RADIOHEAD tops a poll by the readers of Q Magazine to find the greatest album ever

I don’t read Q Magazine and I don’t agree with many of these selections. This statement – Almost one third of Q’s 100 Greatest Albums Ever were recorded in the 1990s, making it the best ever decade for music – suggests that Q readers are much younger than I am. To my ear, much of the popular music released in the 1990s is an embarrassment.

Link: The Sun Online – Bizarre online: OK Computer is best ever

RADIOHEAD have topped a poll by the readers of Q Magazine to find the greatest album ever – narrowly beating themselves to the No1 spot.

The band’s 1997 record OK Computer won the vote, with 1995’s The Bends grabbing second position.
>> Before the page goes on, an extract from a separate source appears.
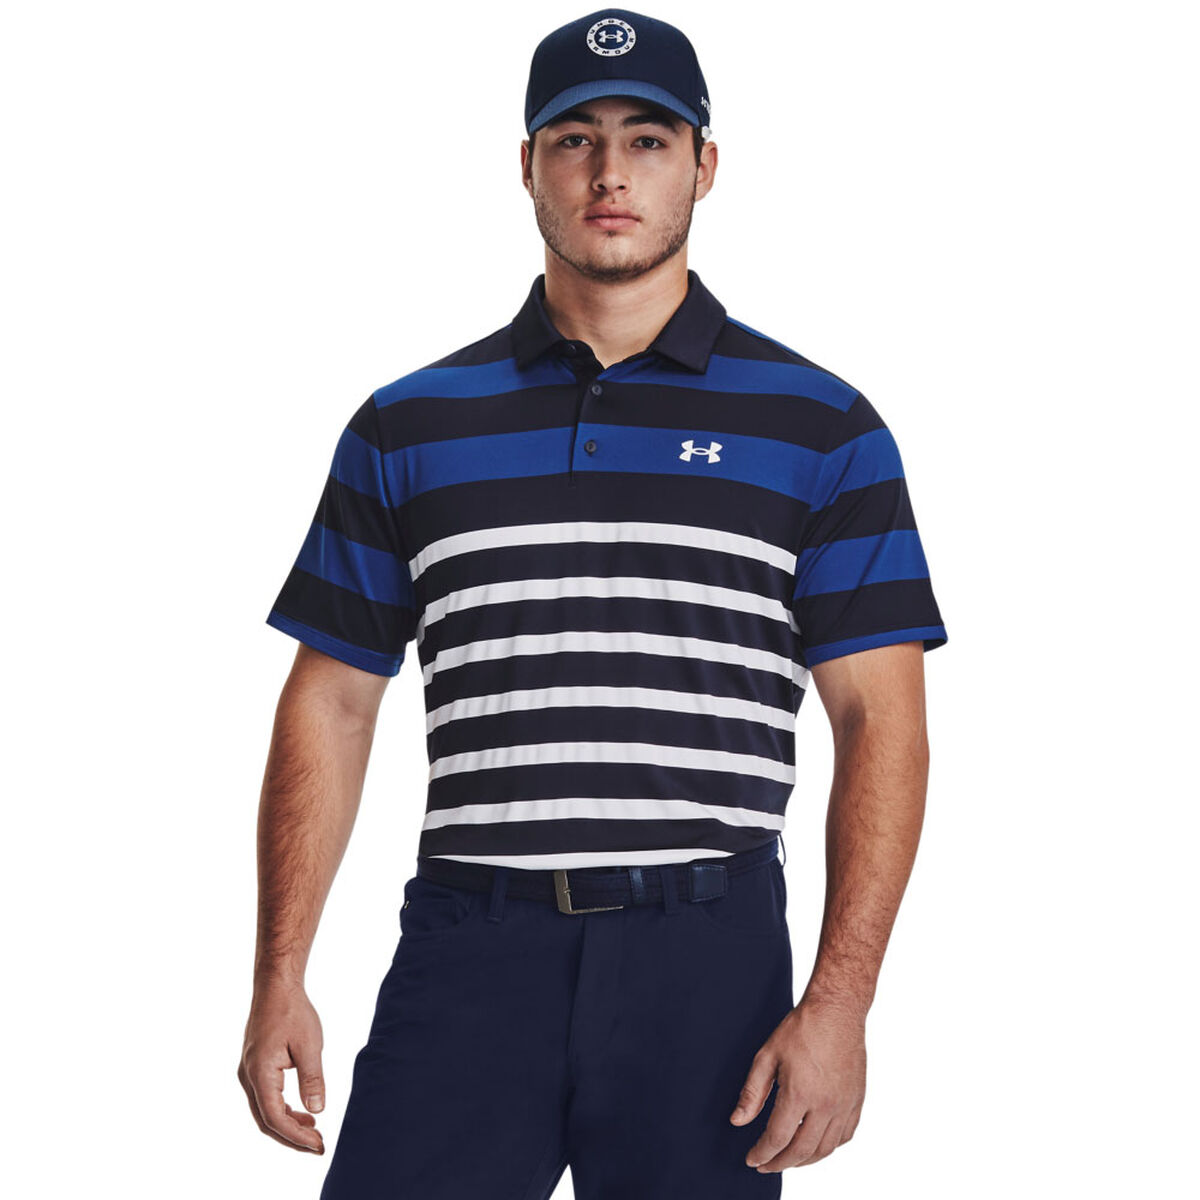 Under Armour Men’s Navy Blue and White Playoff 3.0 Rugby YD Stripe Golf Polo Shirt, Size: Small | American Golf

Their more experimental follow-up Kid A also made the Top 10.

Almost one third of Q’s 100 Greatest Albums Ever were recorded in the 1990s, making it the best ever decade for music.

Nineties record that charted highly include Nirvana’s Nevermind, which came third, Oasis’ fifth-placed Definitely Maybe and The Stone Roses’ self-titled debut album at No6.

There was some success for older bands – The Beatles came fourth with Revolver – but landmark records like The Clash’s London Calling and Beach Boys’ Pet Sounds had to make do with the outer reaches of the Top 20.

Voters also sprang a surprise by ranking Madonna’s 1998 album Ray Of Light at No33, ahead of classics by The Rolling Stones, Blur and Jimi Hendrix.

The newest record to make the list was Coldplay’s A Rush Of Blood To The Head, which was released in 2002 and ranked 25th.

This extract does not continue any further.